NovoCure received FDA approval for its Optune therapy as a treatment for glioblastoma (GBM), also known as stage 4 brain cancer. The prognosis is poor for GBM patients, with an average survival time of about 15 months. NovoCure's Optune system demonstrated in a clinical study in newly diagnosed patients that the more time spent wearing the device each day, the more the median overall survival rate increased, from 16 months up to 37.
The FDA has also approved a similar NovoCure device, NovoTTF-100L, for the treatment of mesothelioma in combination with chemotherapy. Aimed at cancers located in the torso, NovoTTF-100L increased the median overall survival in patients to 21.2 months, compared with 12.1 months for those receiving chemotherapy only. Multiple clinical trials for other cancers are under way using this device.

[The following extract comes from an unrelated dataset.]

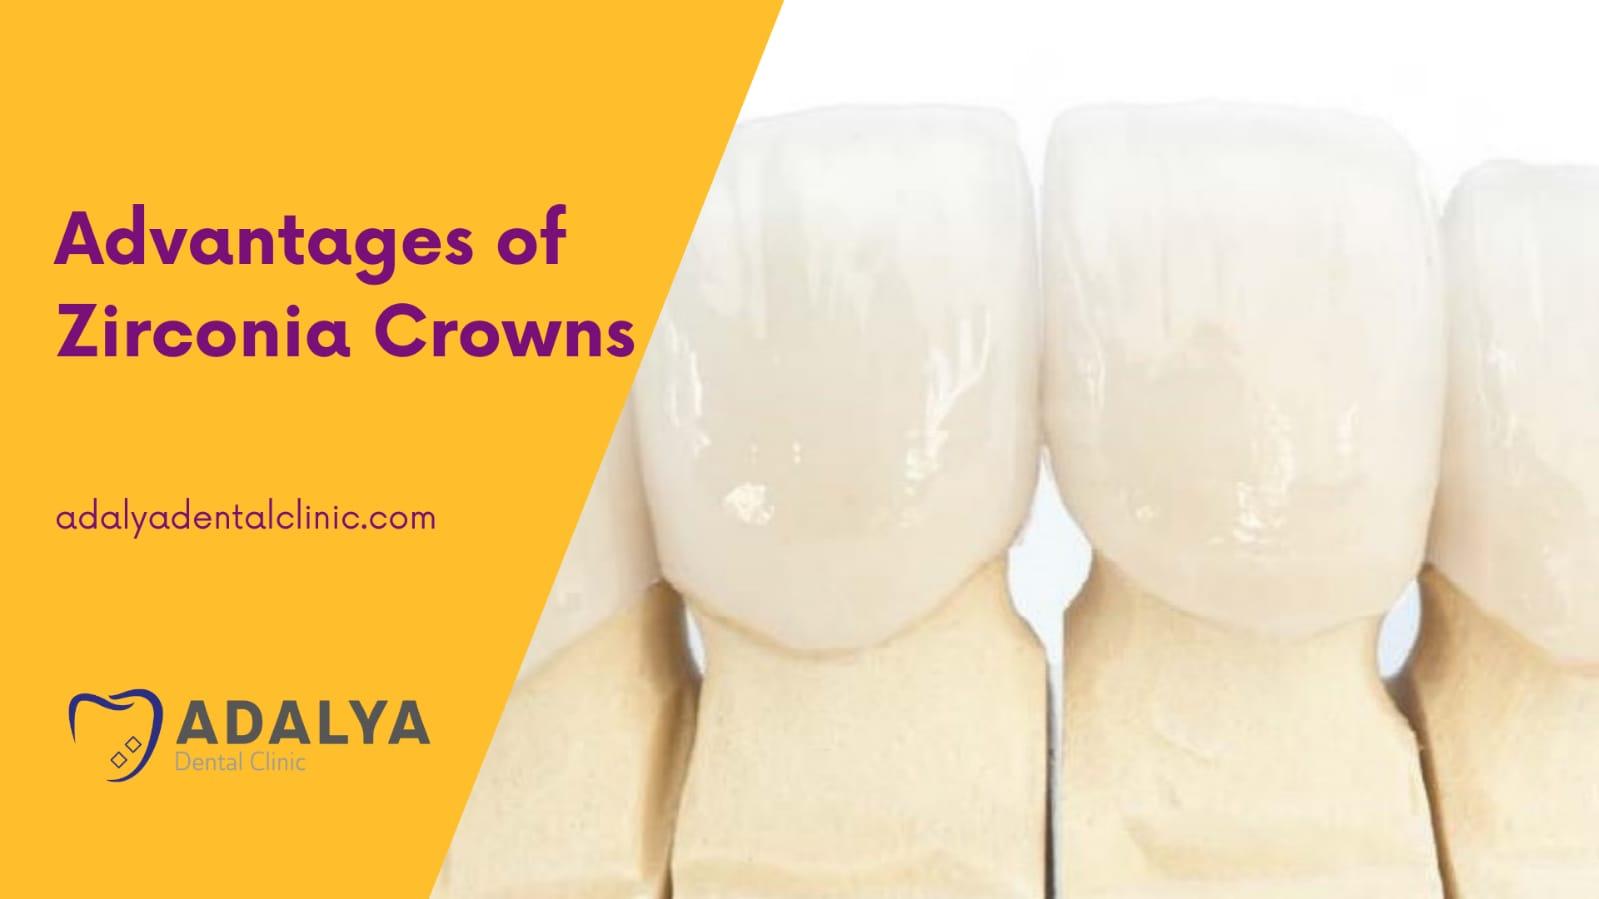 advantages of zirconia crowns

More than 2,700 patients in the U.S., Europe, Japan, and China have received or continue to use NovoCure's therapies. Their use has translated into $294 million in sales over the trailing 12 months (TTM) ending June 30. On Oct. 31, NovoCure will provide third-quarter results, and there's a chance we'll see the company's first profitable quarter.
On the other hand, NovoCure's $7.3 billion market capitalization appears expensive. Using TTM revenue from last quarter, its price-sales ratio approaches 25. For context, an analysis of price-to-sales ratios from New York University's Stern School of Business reveals that as of January 2019, biotech and pharmaceutical companies traded in a range of 4 to 6. That said, and even accounting for last December's end-of-year market sell-off, NovoCure is a story of continuous growth in product use and sales. There's nothing wrong with paying a premium for steady growth.
Galapagos and argenx hold sufficient cash to achieve key milestones, including launching new drugs in the near future. NovoCure continues to generate sales while expanding the number of cancer patients who may benefit from its devices. Arguably, these mid-cap biotech companies have reduced both capital and development risks, providing attractive growth opportunities for investors, regardless of whether we're due for a recession.